In order to properly evaluate a given LM, we require implementation of a wrapper class subclassing the `lm_eval.api.model.LM` class, that defines how the Evaluation Harness should interface with your model. This guide walks through how to write this `LM` subclass via adding it to the library!
## Setup
To get started contributing, go ahead and fork the main repo, clone it, create a branch with the name of your task, and install the project requirements in your environment:
```sh
# After forking...
git clone https://github.com/<YOUR-USERNAME>/lm-evaluation-harness.git
cd lm-evaluation-harness
git checkout big-refactor
git checkout -b <model-type>
pip install -e ".[dev]"
```
Now, we'll create a new file where we'll be adding our model:
```sh
touch lm_eval/models/<my_model_filename>.py
```
**Tip: this filename should not shadow package names! For example, naming your file `anthropic.py` is disallowed since the API's name on pypi is `anthropic`, but naming it `anthropic_llms.py` works with no problems.**
## Interface
All models must subclass the `lm_eval.api.model.LM` class.
The LM class enforces a common interface via which we can extract responses from a model:
```python
class MyCustomLM(LM):
#...
def loglikelihood(self, requests):
def loglikelihood_rolling(self, requests):
def greedy_until(self, requests):
#...
```
We support
The three types of
smth smth tokenizer-agnostic
3 reqtypes
- greedy_until, and the arguments passed to it
- loglikelihood, and args passed to it
- loglikelihood_rolling, and args passed to it
## Registration
Congrats on implementing your model!
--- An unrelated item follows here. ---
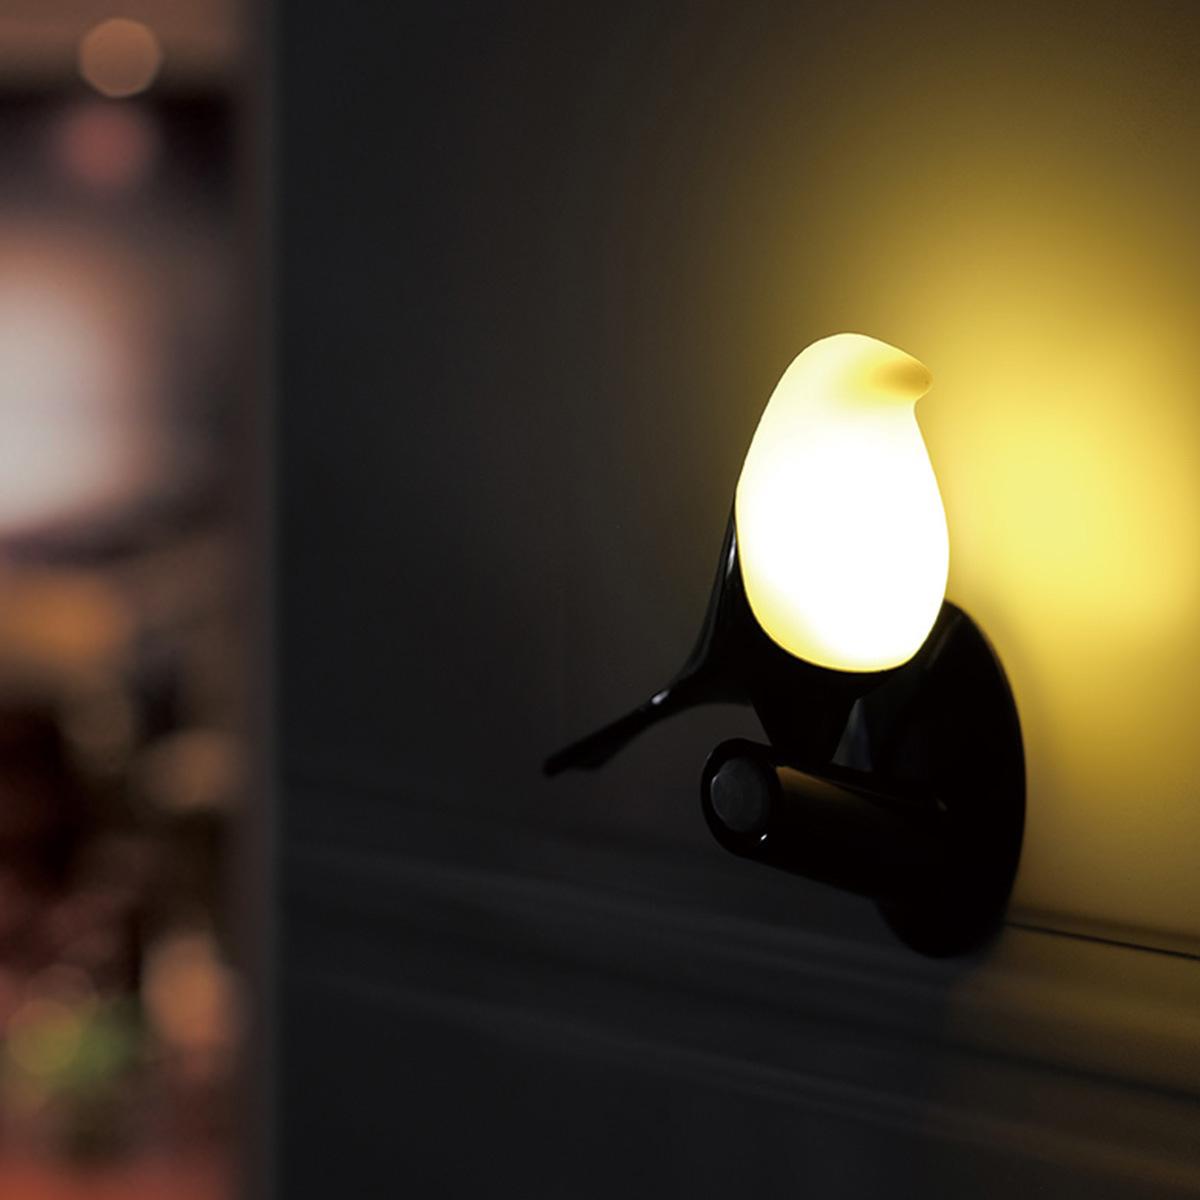 小鳥LED充電小夜燈迷你矽膠燈創意led餵奶燈人體感應燈觸摸光感燈

Now it's time to test it out.
To make your model usable via the command line interface to `lm-eval` using `main.py`, you'll need to tell `lm-eval` what your model's name is.
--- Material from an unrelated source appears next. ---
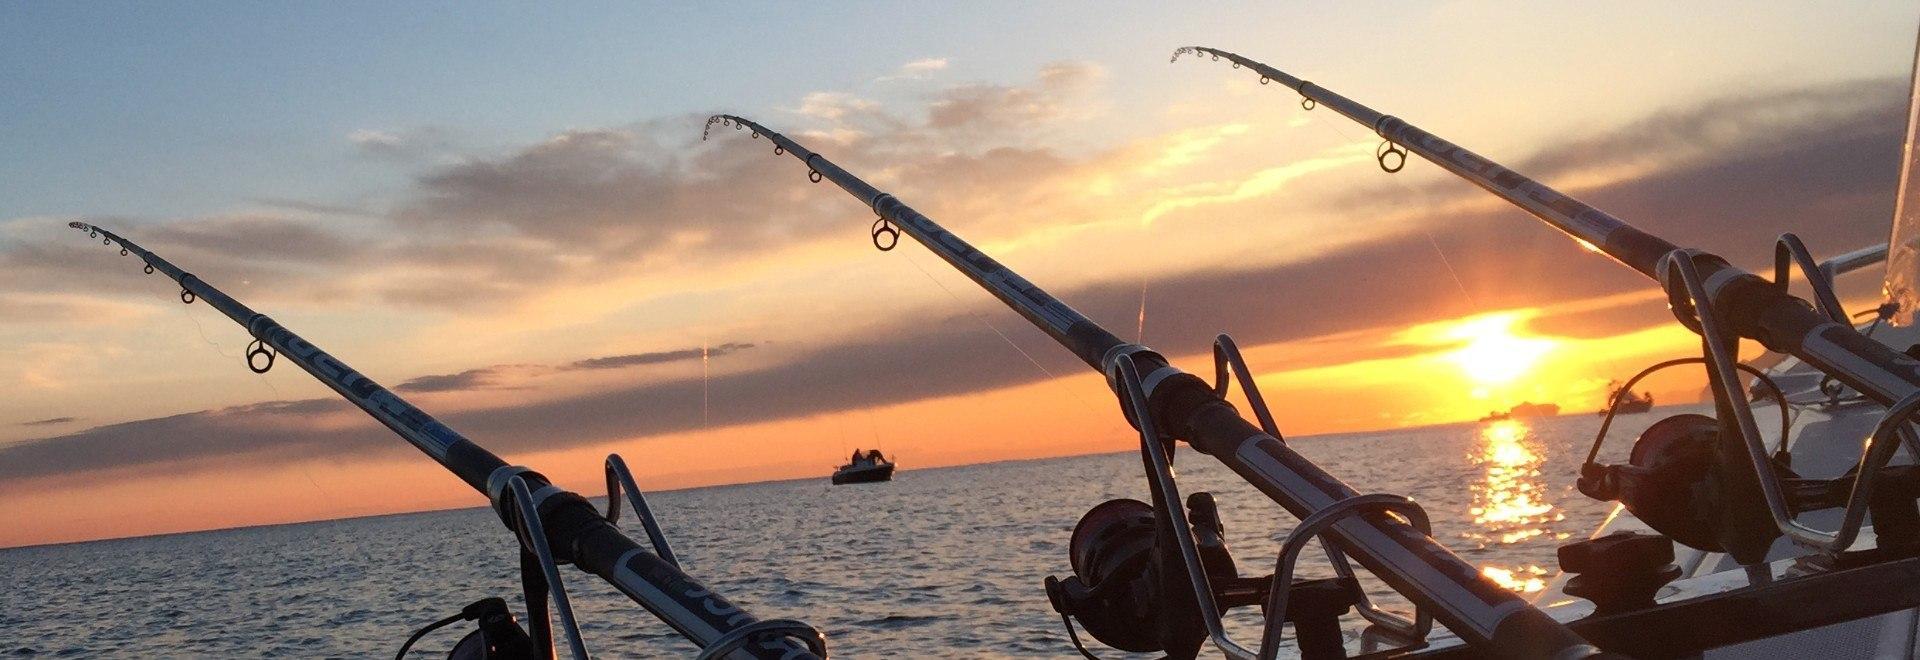 Wreck! Storie di pesca su relitti

This is done via a *decorator*, `lm_eval.api.registry.register_model`. Using `register_model()`, one can both tell the package what the model's name(s) to be used are when invoking it with `python main.py --model <name>` and alert `lm-eval` to the model's existence.
```python
from lm_eval.api.registry import register_model
@register_model("<name1>", "<name2>")
class MyCustomLM(LM):
```
Using this decorator results in the class being added to an accounting of the usable LM types maintained internally to the library at `lm_eval.api.registry.MODEL_REGISTRY`. See `lm_eval.api.registry` for more detail on what sorts of registries and decorators exist in the library!
## Other
**Pro tip**: In order to make the Evaluation Harness overestimate total runtimes rather than underestimate it, HuggingFace models come in-built with the ability to provide responses on data points in *descending order by total input length* via `lm_eval.utils.Reorderer`. Take a look at `lm_eval.models.hf_causal.HFLM` to see how this is done, and see if you can implement it in your own model!
## Conclusion
After reading this guide, you should be able to add new model APIs or implementations to the Eval Harness library!